Наконец я оказался в квартире панельной многоэтажки на улице Ротерта, неподалеку от пересечения Ярославского шоссе с Московской кольцевой автодорогой, то есть на самой окраине Москвы, все на том же северо-востоке, что и гостиница «Свиблово». Северо-восток, как я потом узнал, считается «воротами Мары», и поэтому издревле буддийские монастыри строились именно в этой части поселений. Кстати, теперь, через двадцать лет, прямо возле того дома, где Тэрасава-сэнсэй снимал квартиру, вьетнамцы возвели буддийскую пагоду перед построенным ими торговым центром «Ханой – Москва».
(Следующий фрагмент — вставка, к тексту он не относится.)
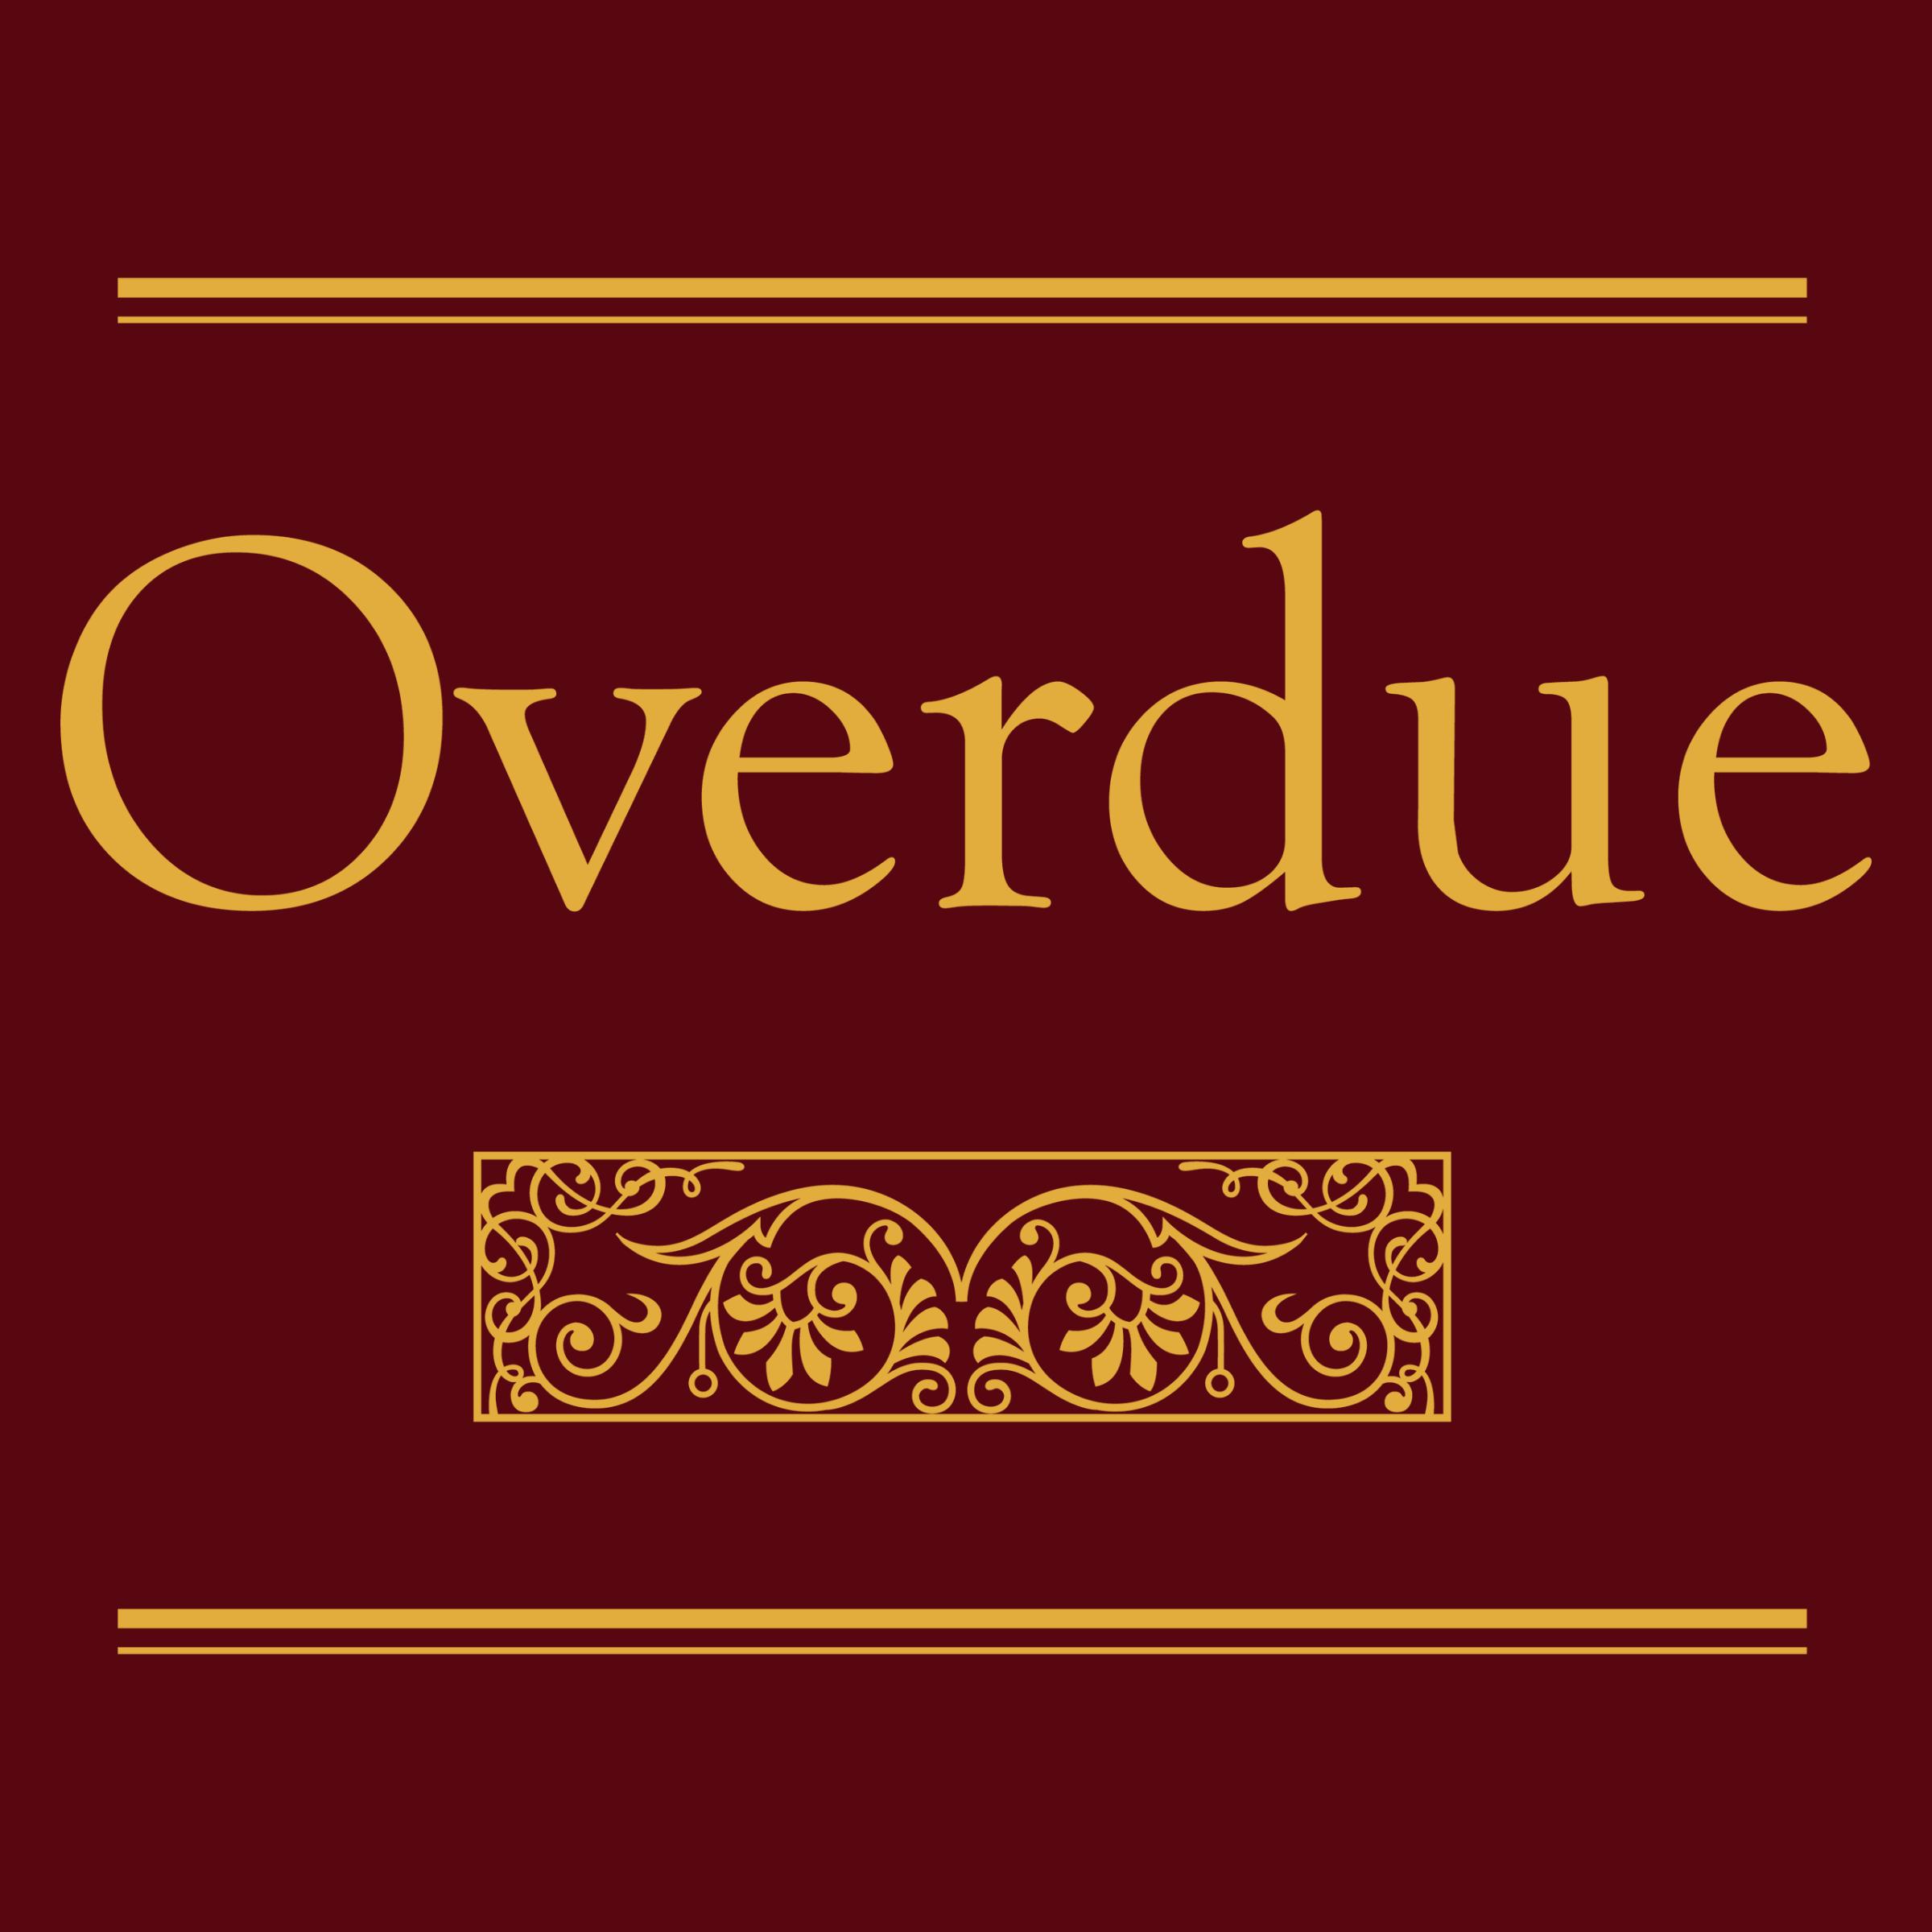 Overdue logo shirt

Вместе со мной на церемонию пришел и Ярослав, три года назад поклонившийся Сэнсэю в консерватории. Вообще рядом с Учителем тогда было немало людей искусства (как потом оказалось, он и сам неплохо играет на фортепьяно). Так мы познакомились на той церемонии с артистом балета Романом и его женой Светой. Роман посоветовал нам с Ярославом плавнее опускаться на колени, совершая поклон, а то мы бухались так, что пол сотрясался.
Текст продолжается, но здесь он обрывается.